Switching to --adapter_sequence=AGATCGGAAGAGCACACGTCTGAACTCCAGTCA
and --adapter_sequence_r2=AGATCGGAAGAGCGTCGTGTAGGGAAAGAGTGT
(i.e. hard coding for TruSeq, much like how we invoke Trimmomatic) is equally fast, and gives practically the same output once again (just in one sample the top read abundance over 20k rose by one).
Attempting to match the apparently more relaxed merging rules of Flash makes a slight difference to the output (+/- one on the read abundances), but that's all. No change in speed:
# FASTP default minium overlap length is 30,
# Flash default is -m 10
"--overlap_len_require",
"10",
# FASTP default overlap diff percentation is 20,
# Flash default is -x 25
"--overlap_diff_percent_limit",
"25",
I logged this issue before dropping trimmomatic and just using flash directly on the raw reads (#314). We still call cutadapt afterwards, but now do demultiplexing of multiple amplicon primers at that point.
As far as I can see, FASTP does not cover the primer detection, trimming and demultiplexing - but it could replace (trimmomatic and) flash.
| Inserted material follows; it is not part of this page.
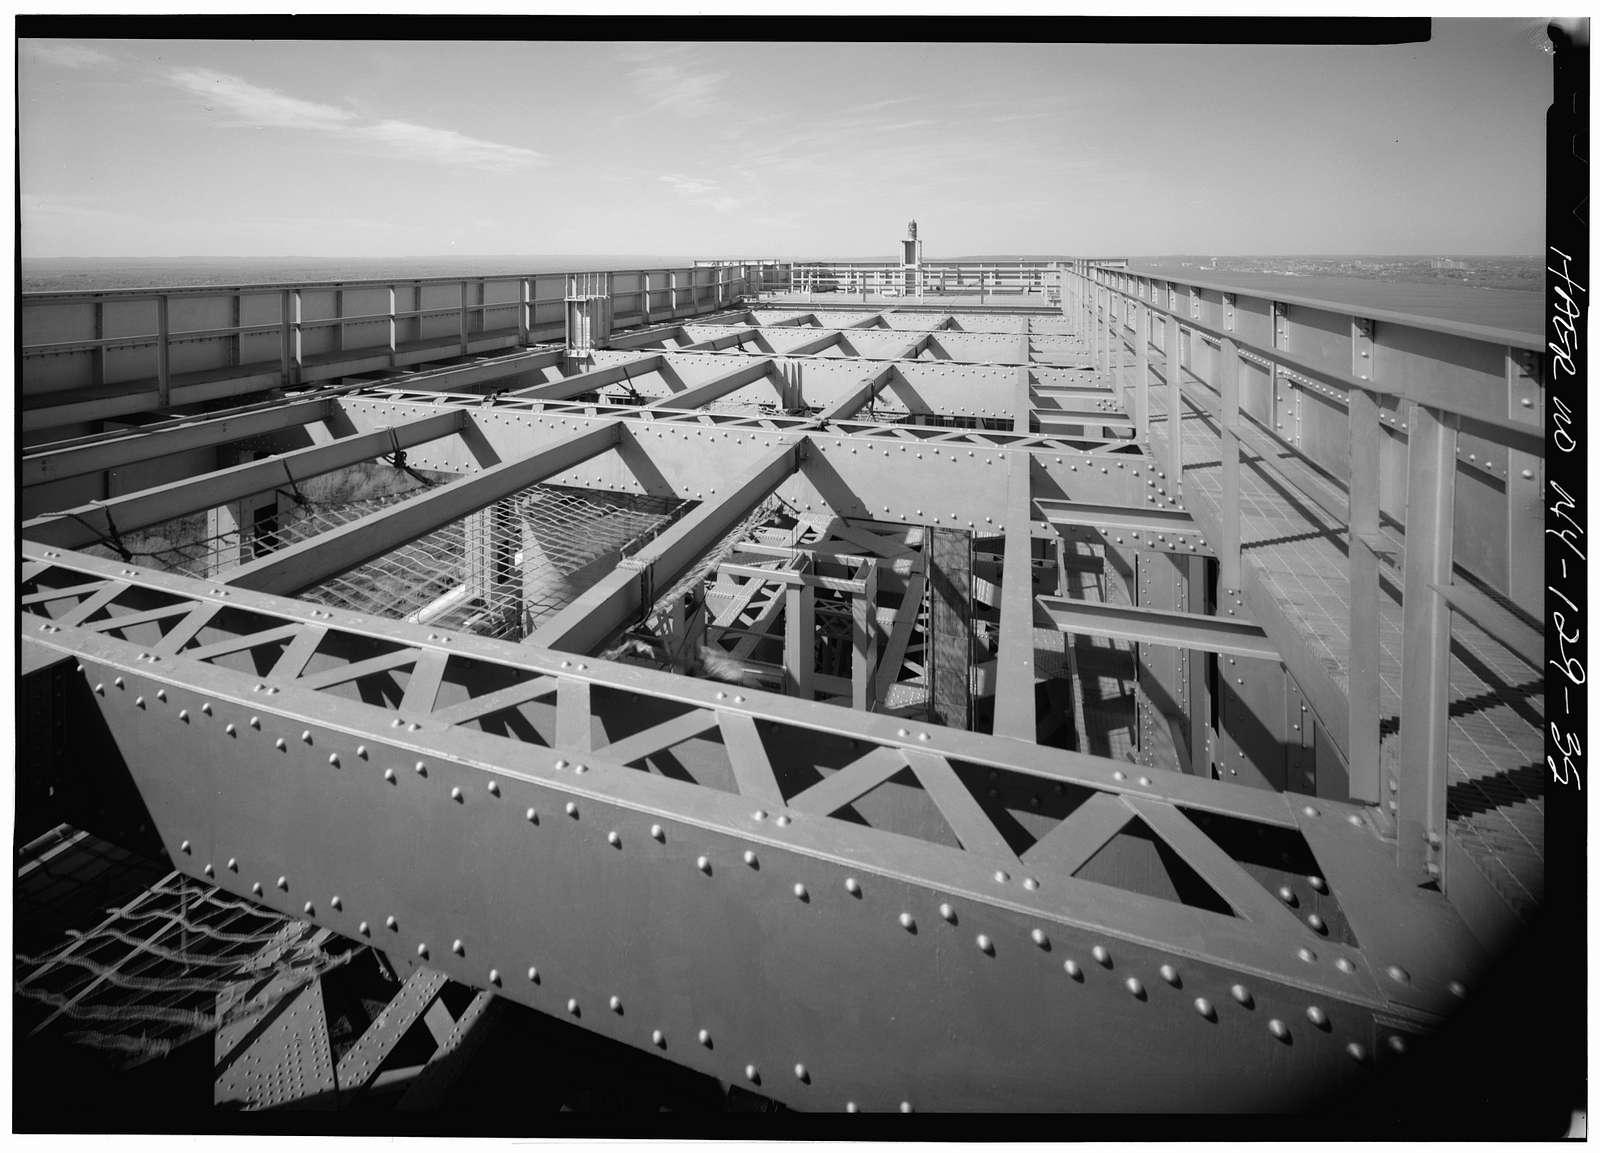 George Washington Bridge, Spanning Hudson River between Manhattan & Fort Lee, NJ, New York, New York County, NY
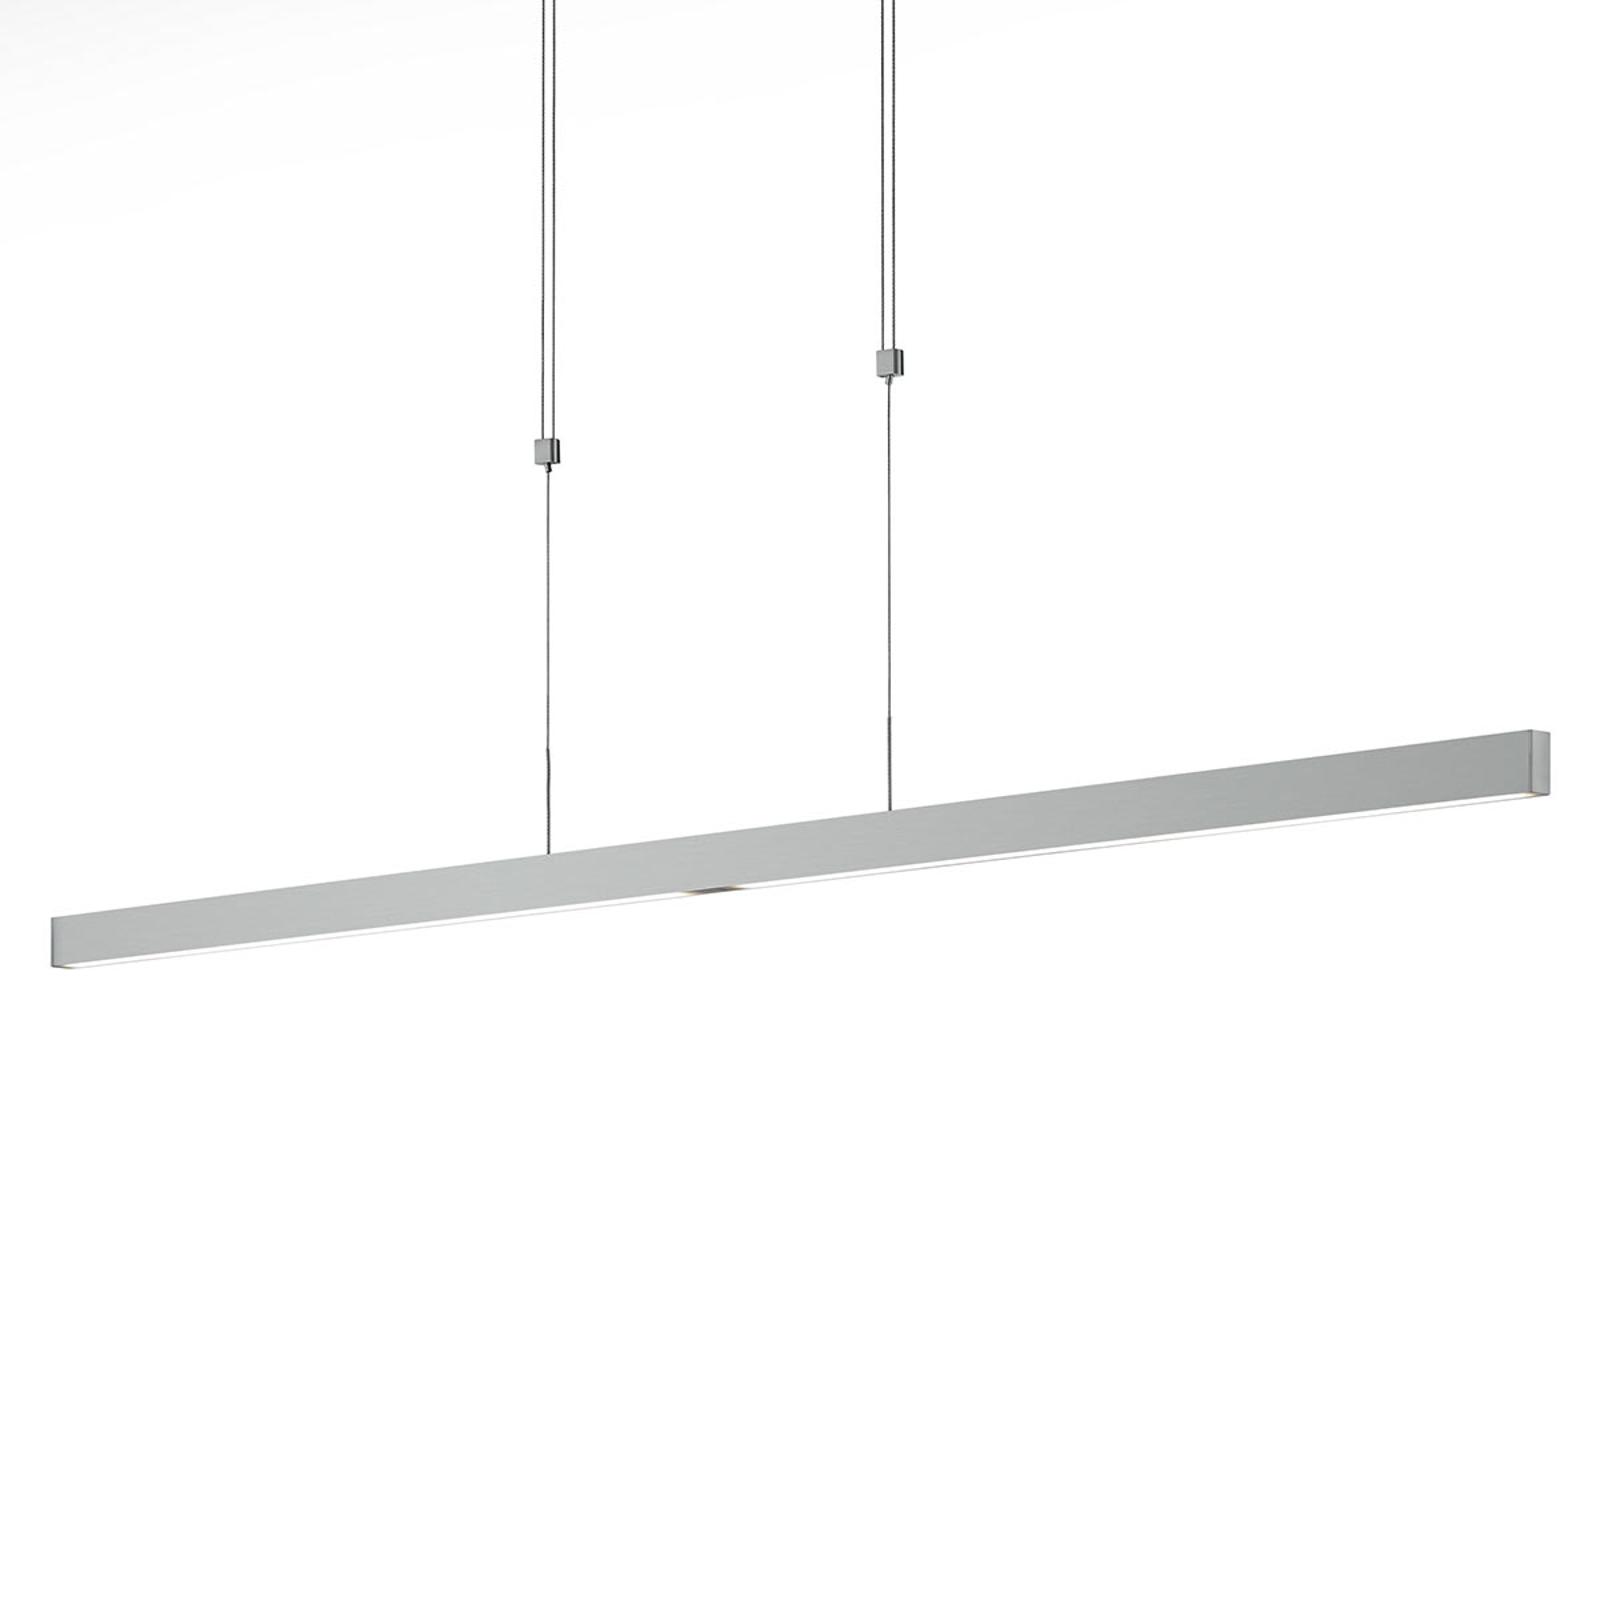 LED-Hängelampe Pia Gestensensor nickel matt 128 cm

It would be worth repeating the above experiments with giving raw data to flash (currently pipeline) vs raw data to FASTP.
In addition to possibly being faster, FASTP is still under active development https://github.com/OpenGene/fastp/graphs/code-frequency (recent activity in 2021 after a quite few years), whereas Flash is stable at v1.2.11 from August 2014 at http://ccb.jhu.edu/software/FLASH/ or https://sourceforge.net/projects/flashpage/files/
This isn't currently a bottleneck, but if time allows we might want to look at FASTP?